Guna Tertib Adminduk Bupati Cianjur Lakukan MOU Bersama PT. Pos Indonesia


GlobalNewsIndonesia.- CIANJUR -Bupati Cianjur H. Herman melaksanakan MoU bersama PT. Pos Indonesia dalam hal upaya tertib adminduk pada Adaptasi Kebiasaan Baru (AKB).
Selain itu salah satu tujuan mengakselerasikan pelayanan prima serta untuk pengiriman dokumen hasil pelayanan online melalui aplikasi Simplaku.

Acara penandatanganan MoU  dilaksanakan di halaman Kantor Pos oleh Bupati Cianjur H. Herman Suherman dengan kepala PT. Pos Indonesia Cianjur Lina Herlina, yang didampingi kepala regional 5, Hj. Heli Siti Halimah, dan Kadisdukcapil Munajat. Selasa (04/08/20).

"Kini dokumen adminduk hasil pelayanan melalui aplikasi simplaku.cianjurkab.go.id seperti KK, KTP, Akta Kelahiran, Kartu Identitas Anak, Surat Pindah, Akta Perkawinan, Akta Kematian dan lainnya dikirim melalui PT. Pos Indonesia,"Jelas Herman Suherman.

Iya menambahkan dengan adanya kerjasama ini, otomatis masyarakat tidak perlu datang ke kantor Disduk, masyarakat hanya perlu menunggu dirumah karena dokumen yang telah diterbitkan oleh Dukcapil akan dikirimkan ke alamat masing-masing melalui PT. Pos Indonesia.

Apalagi disituasi pandemi, saya berharap masyarakat bisa sangat terbantu dengan adanya mekanisme seperti ini, sehingga jika akan melakukan pengurusan dokumen adminduk kami memberikan solusi dengan menggunakan jasa pos.

Untuk yang tidak memliki alat  disarankan untuk bisa menghubungi RWRT, perangkat Desa atau Kecamatan.

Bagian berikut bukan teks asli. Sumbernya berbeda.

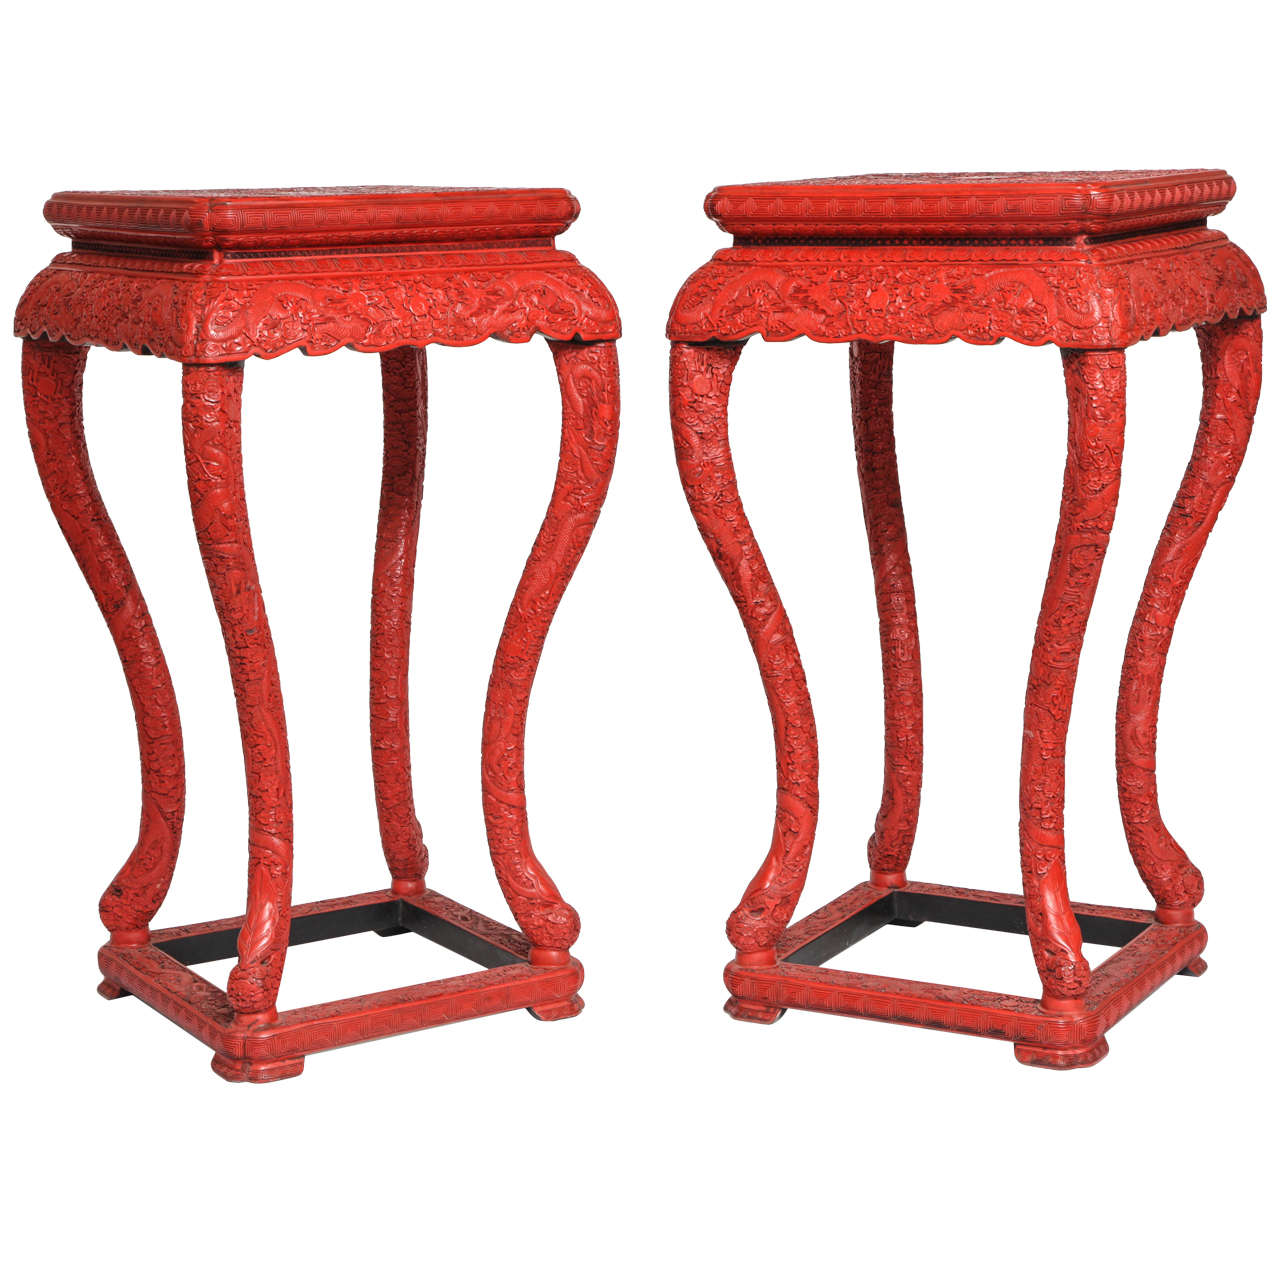 Pair of Chinese Red Cinnabar Square Shaped Stands/Pedestals

"Nanti Perangkat Desa akan memfasilitasi alat untuk membantu khusus masyarakat yang tidak memiliki alat/Handphone,"Tegas Herman.

Lebih jauhnya Bupati Cianjur H. Herman Suherman menjelaskan agar warga Cianjur  tidak perlu lagi datang ke Disdukcapil, cukup lewat handphone dan kantor pos antar hasilnya ke rumah langsung,.

Sementara Kepala PT. Pos Cianjur Lina Marlina menjelaskan, pihaknya melaksanakan kerjasama bersama Pemkab. Cianjur sebagai bentuk dukungan program pelayanan pemkab. Cianjur.

"Sekitar 300 sampai 400  KTP sehari diantar langsung ke rumah secara door to door pada  pemilik identitas karena tidak boleh diwakilkan," Kata Lina. (Yn)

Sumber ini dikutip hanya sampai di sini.